If a business is tasked with building a national airline, processing cocoa at scale, or assembling vehicles, it must meet strict timelines and output requirements. Companies that perform well should receive more support, and those that fall short should face penalties automatically.
This, he explains, would send a signal that in Ghana’s new system, performance wins, not connections.
He says, “If a firm receives a mandate to build a national airline, process cocoa, assemble vehicles, or develop steel capacity, it must also accept binding targets. Missed targets would trigger automatic penalties. Achieving targets would unlock more support. The public would see a government that rewards output, not connections.”
Protect Businesses from Sudden Political Interference
Dr. Kwapong further recounts that one of the biggest fears of Ghanaian businesses is unpredictability. Sudden taxes, abrupt changes in regulations, and shifting contract terms make long-term investment risky.
He argues that Ghana must build a stable commercial environment where contracts mean something, regulations are consistent, and businesses can plan across decades. Without this stability, even the most ambitious entrepreneur will hesitate to invest at scale.
Predictability, he says, is as important as capital, and Ghana must deliver both.
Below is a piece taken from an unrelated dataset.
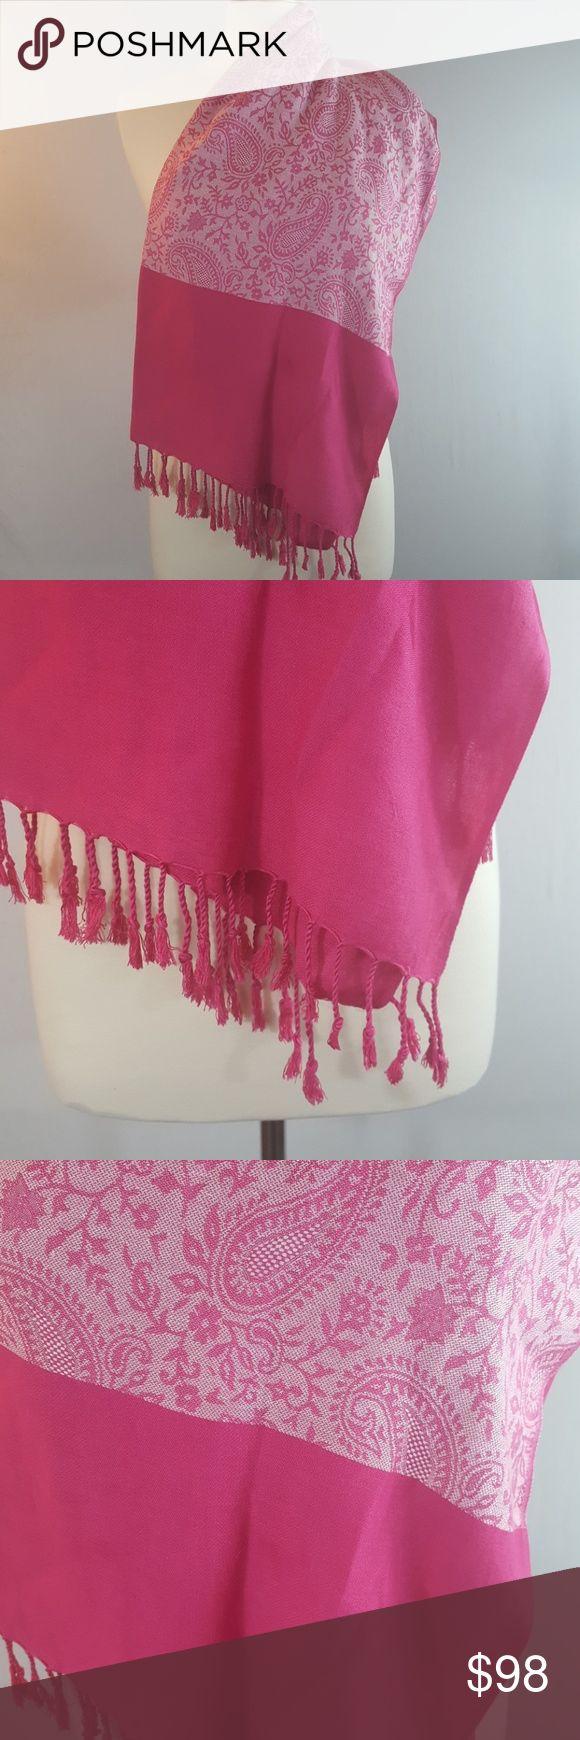 {pashmina} NWT Pink Paisley Shawl | Scarf Authentic Pashmina Kashmir Pink Paisley pattern 30x65 pashmina Accessories Scarves & Wraps

Rewrite the National Narrative Around Domestic Firms
The final step, according to Dr. Kwapong, is emotional and cultural. He says Ghana must change the way it talks about local businesses. Instead of treating successful firms as suspicious, the government and society should view them as national assets.
He suggests celebrating companies that meet their targets, publishing performance data openly, and showing Ghanaians that supporting local businesses is not charity, it is an investment in national strength.
Countries like South Korea turned their giants into symbols of national pride. Ghana, he says, can do the same.
“Government can change this tone by making performance data public, celebrating firms that hit their targets and demonstrating, through visible results, that support to local companies is not a gift but an investment in national capacity,” he added.
A Call for Courage
Dr. Kwapong insists that Ghana already has capable entrepreneurs, what he describes as “the raw material” for industrialization. The real work lies with the state to create a system that channels its potential into national development.
He warns that if Ghana fails to act, the country may one day rely on imported industrialists, while its own children work as subordinates on their own soil.
However, if Ghana builds a fair, disciplined, and transparent partnership system, he believes the country can finally do what other nations did decades ago: transform today’s imperfect entrepreneurs into the builders of a powerful modern economy.